Peter Temple was an author who respected his reader, and, wow, could he write - whether it's indelibly setting a scene in just a few sentences (""I went into the concrete-floored [horse track] betting barn, a deeply inhospitable place, people chewing hotdogs with the apprehensive look of submariners waiting for the depth charge to buckle the plates, pop the rivets."); describing characters in the most Australian way possible ("In the room was a blond woman of indeterminate age, lowered to around forty by cutting, injecting, and sanding."); or painting the emotional portrait of a man who has had too many endings ("I slumped in the chair. I'd known it was coming. Absolutely no doubt. You know. I'd been feeling sick about it for weeks. So, why did I now feel even sicker? Love. Not a word for casual use. The life-scarred use the word with extreme caution. If you're lucky, you go through life being held up by people loving you. But you don't know you're being held up. You think you're buoyant. You think the buoyancy came first, the love is a bonus you get for being buoyant. And that can go on for a long time. But then one day, the love isn't there anymore and you're sinking, waving arms and sinking, all the old sources of love gone, the newer ones turn out to be fickle. They move on. No one to hold you up, you're just a skinny boy, all ribs, knees, and feet, out in the deep water, can't touch bottom.")

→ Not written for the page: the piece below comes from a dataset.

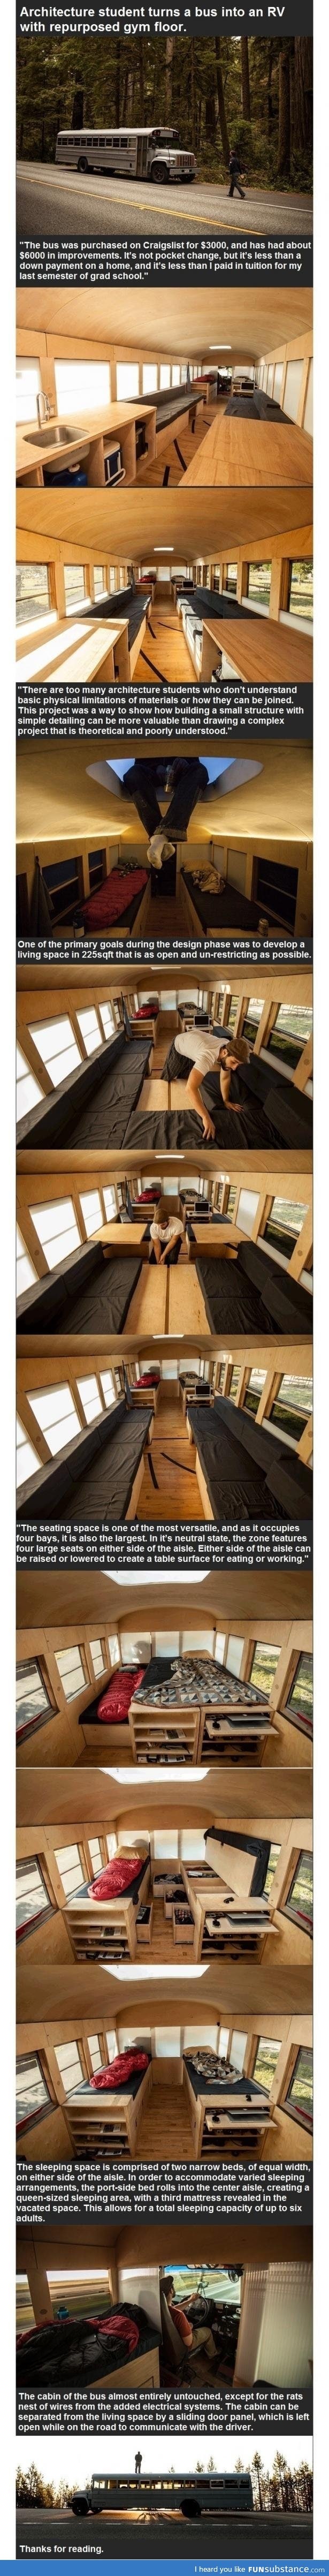 Bus converted into an RV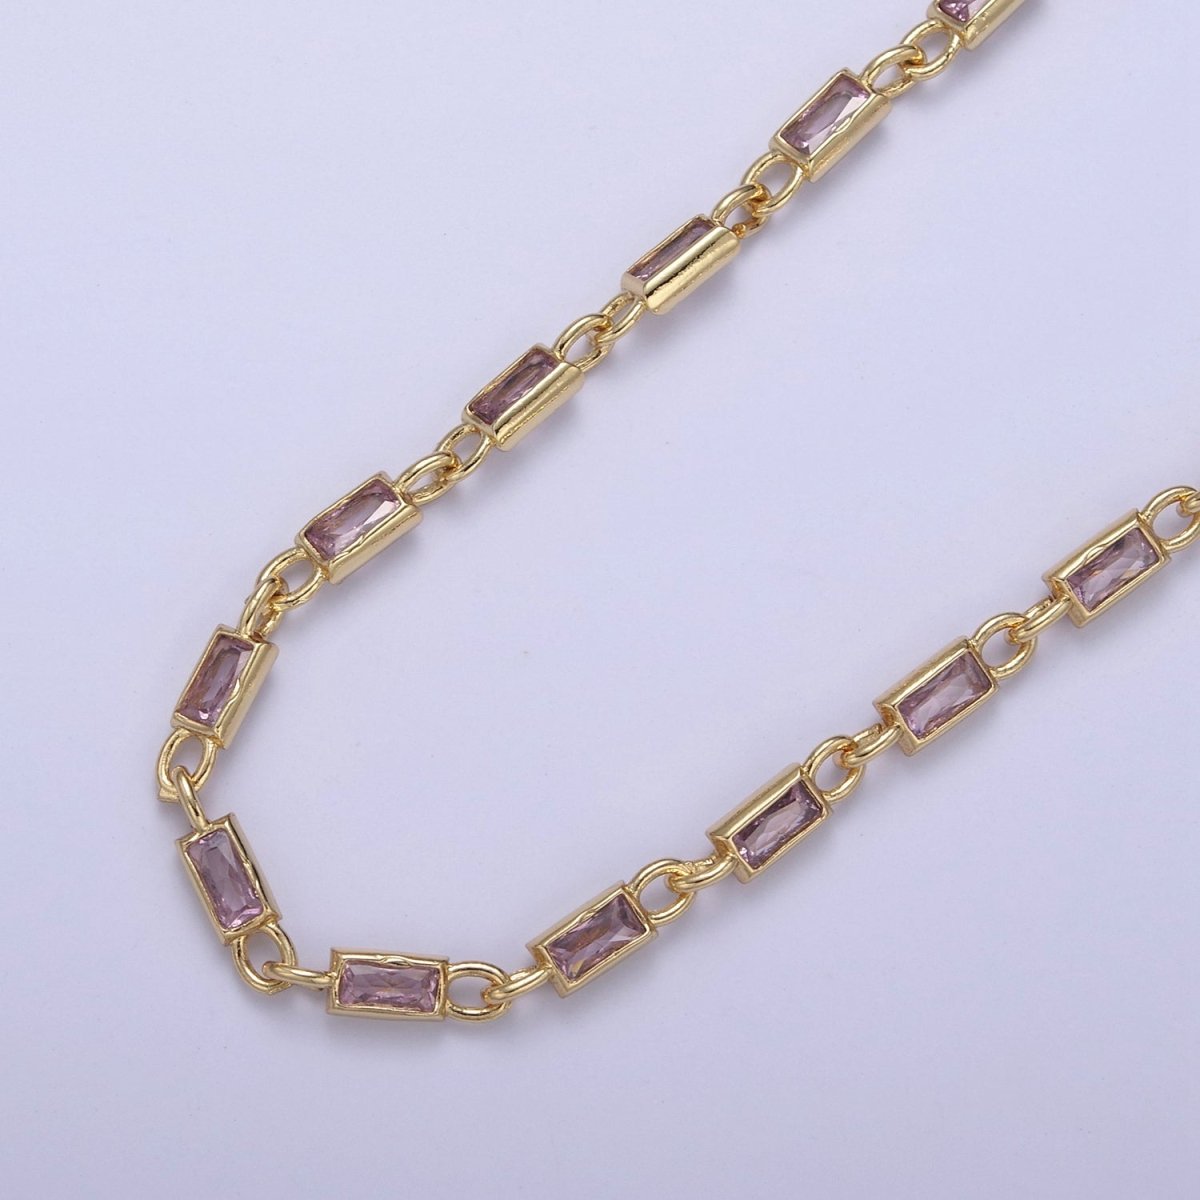 24K Gold Filled 3.6mm Baguette Cubic Zirconia Station Necklace Bulk Unfinished Chain | ROLL-757, ROLL-778, ROLL-779, ROLL-860, ROLL-861 Clearance Pricing - DLUXCA

In Black Tide, Temple not only spins a masterful nail-biter of a thriller, but also manages to continue developing both his protagonist and all the people that surround him. And he does all this while keeping you on the edge of your seat, making you laugh, and getting you to contemplate life. Peter Temple was a giant of not just Australian crime fiction, but of crime fiction in general, and in Black Tide he is in top form.